A hired pen tester, while not wanting to get caught, has one particular objective that they try to meet on every engagement - actual penetration into the target network. But the pen tester is not going to actually have a zero day. It would be considered irresponsible for a pen test firm to have a known vulnerability that they use to break into client systems that cannot be patched, leaving clients and the Internet at large at risk. Yes a pen test firm might have fully weaponized versions of known exploits, but that’s different. A zero day has no patch and is unknown to the public.

If you hire a penetration tester to test your company, there will usually be clauses in the Statement Of Work (SOW) that define the limits. No touching of production data, no physical access to server rooms, no threatening users to gain access, and so on. That’s fine as it makes sense for many reasons including a number of legal ones. Just remember a real attacker has no such limits. They will go after production data, they will threaten users, they will pose as janitorial staff to gain physical access, they will attack after they learn your security team is having an offsite team building exercise that everyone bragged about on social media. The pen tester will have a limited time frame for the engagement, whether it is a few days or a few weeks. A real attacker could be very patient and take months for just a single part of a multi-stage attack..

Once in, the pen tester and real attacker methods are usually similar - lateral movement gathering data as system after system are compromised. A big difference is that a real attacker will purposely leave in clever backdoors to regain access. Some of the APT actors would leave multiple backdoors on different systems, with one group of compromised systems on one backdoors, and a second group on another. That way if one of the backdoors was discovered and all machines were examined and scrubbed of one backdoor, there was still another way in. The really paranoid attacker will rotate through different backdoors every week or so, to help ensure long term access.

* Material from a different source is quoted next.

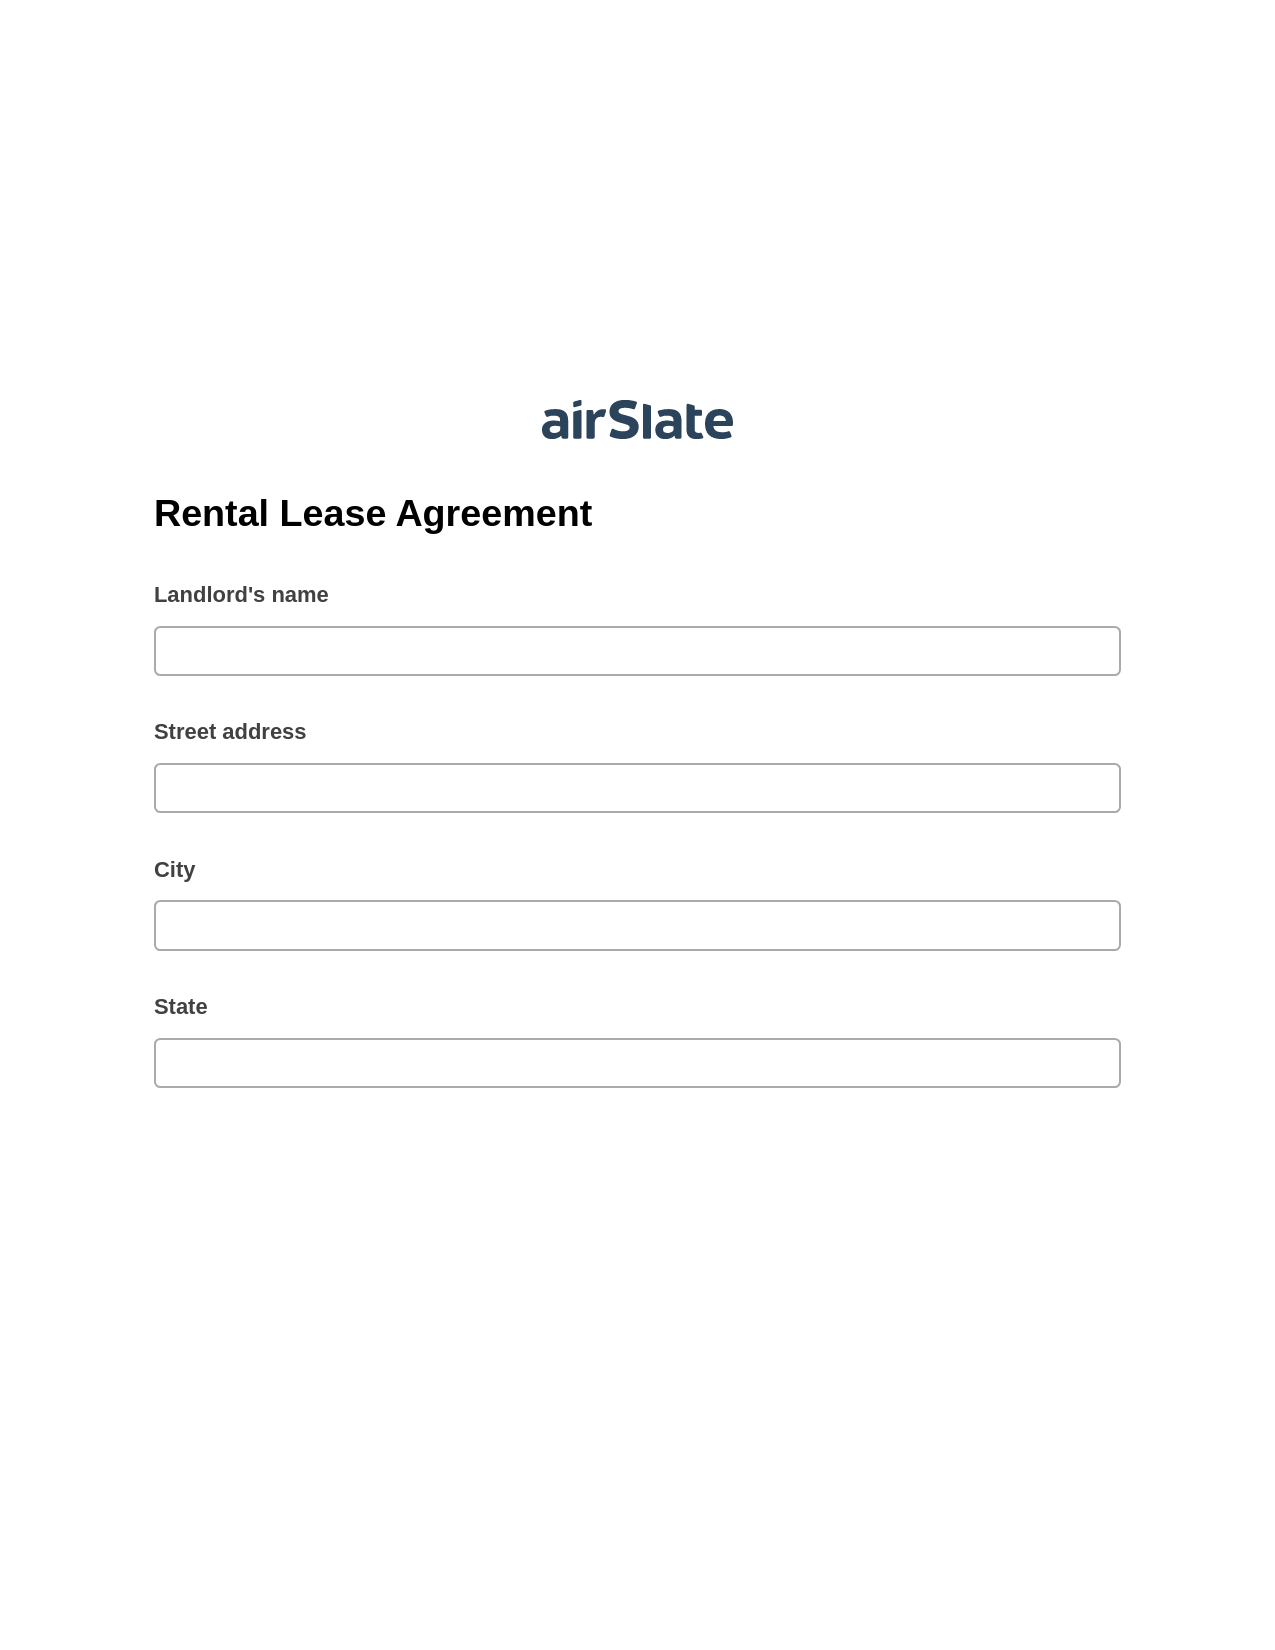 Multirole Rental Lease Agreement Pre-fill from Google Sheet Dropdown Options Bot, Create slate addon, Export to Smartsheet
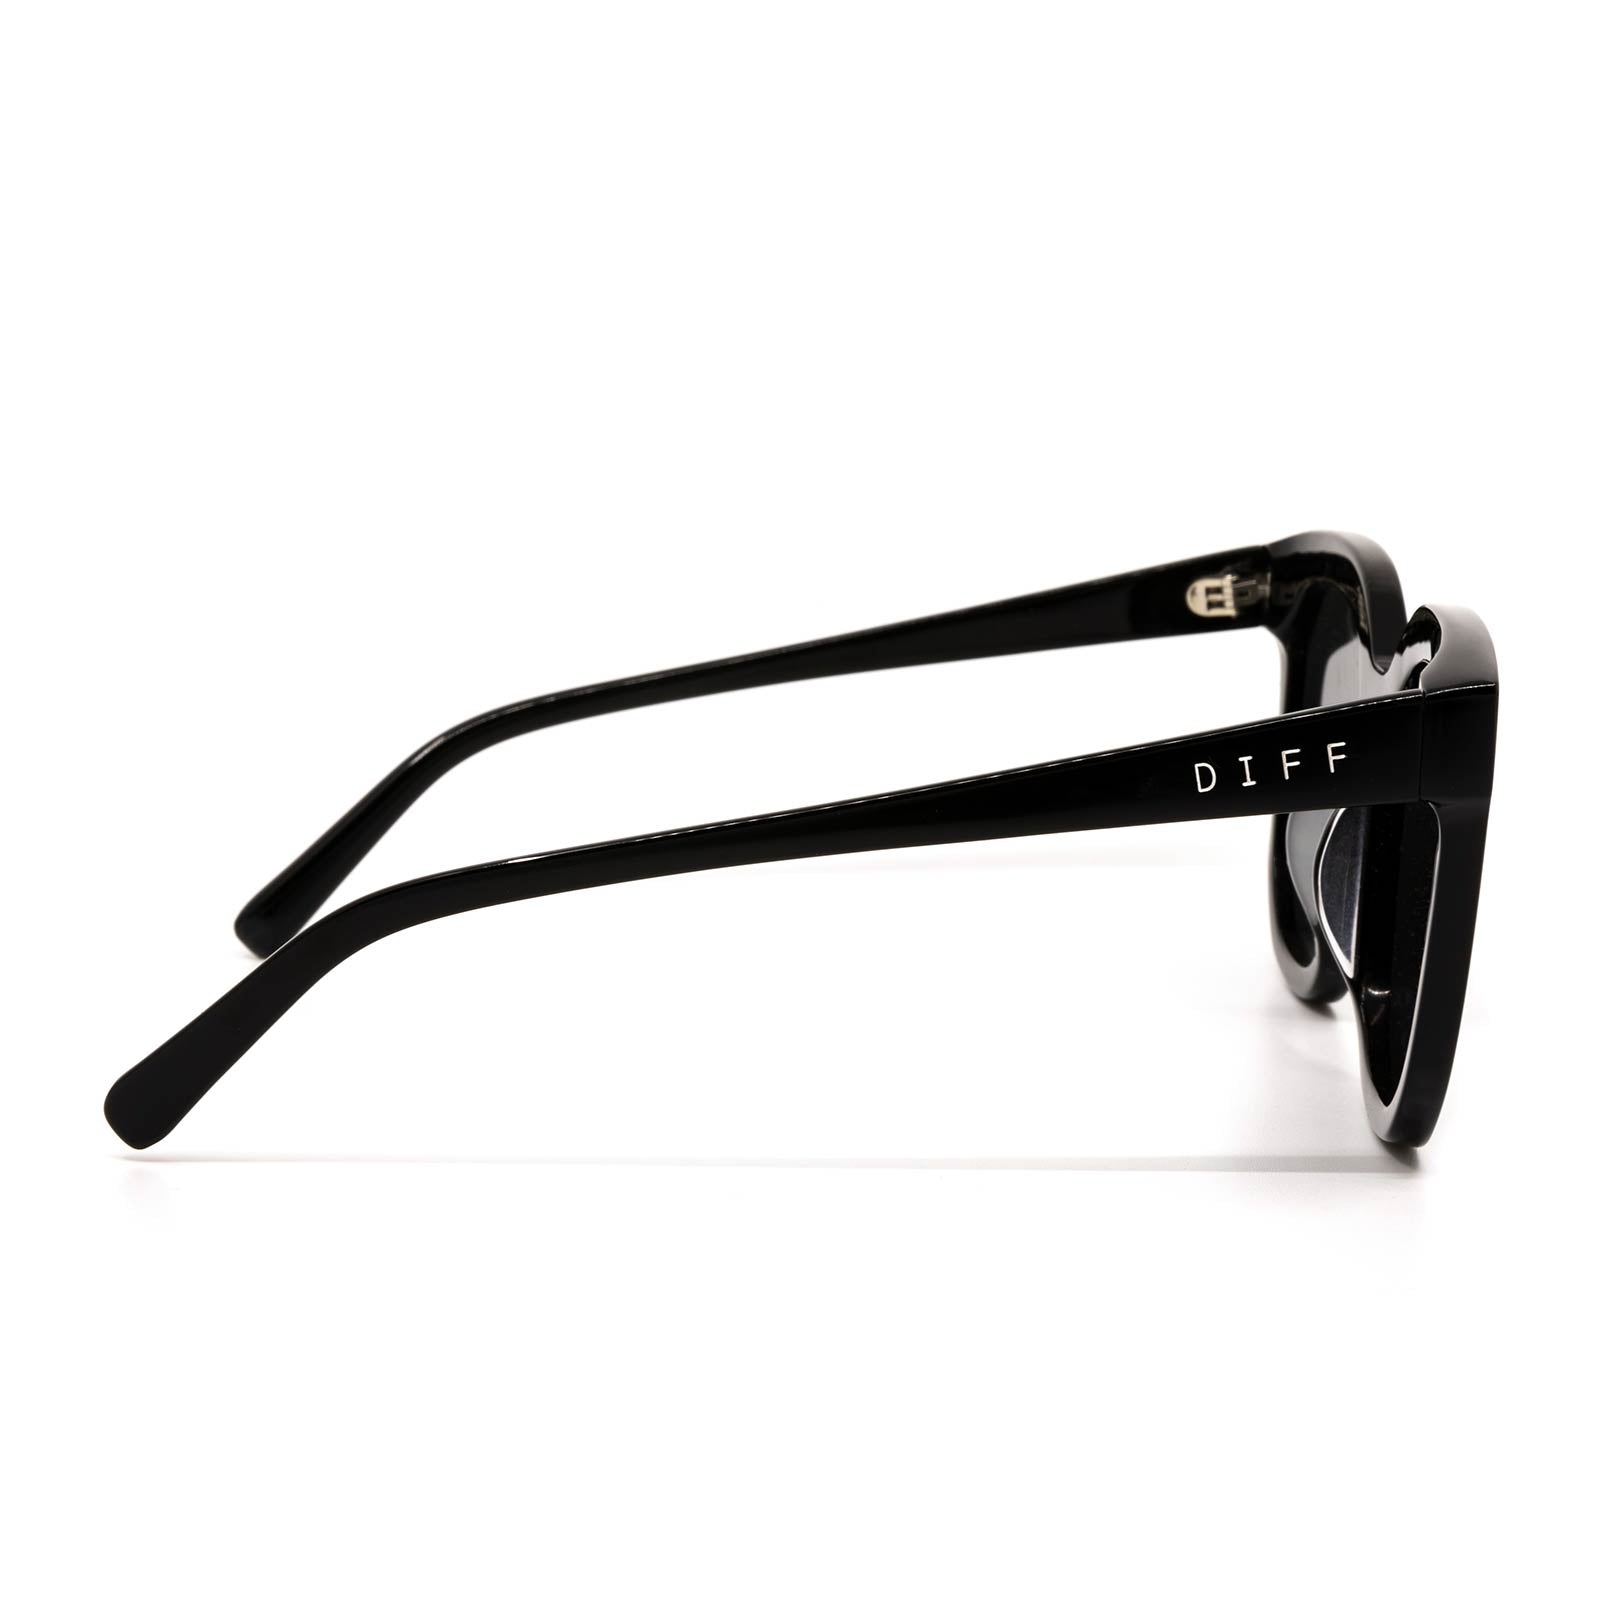 A black pair of DIFF sunglasses.

Couple this with an attacker knowing the credentials of legit accounts, creating their own accounts, and creating exceptions for accounts to avoid multi-factor, and you begin to understand where that “advanced” part of APT really came from - even if they used an old lame exploit to gain access.

Obviously do the things we in infosec recommend constantly - stay patched up, strong passwords, use multi-factor, avoid the clicky-colicky of weird links especially in email. But listen, fellow nerds: you need to think about what this whole offense and defense thing means. The point is, when it comes to defense, there is offense and there is offense. Defend against both.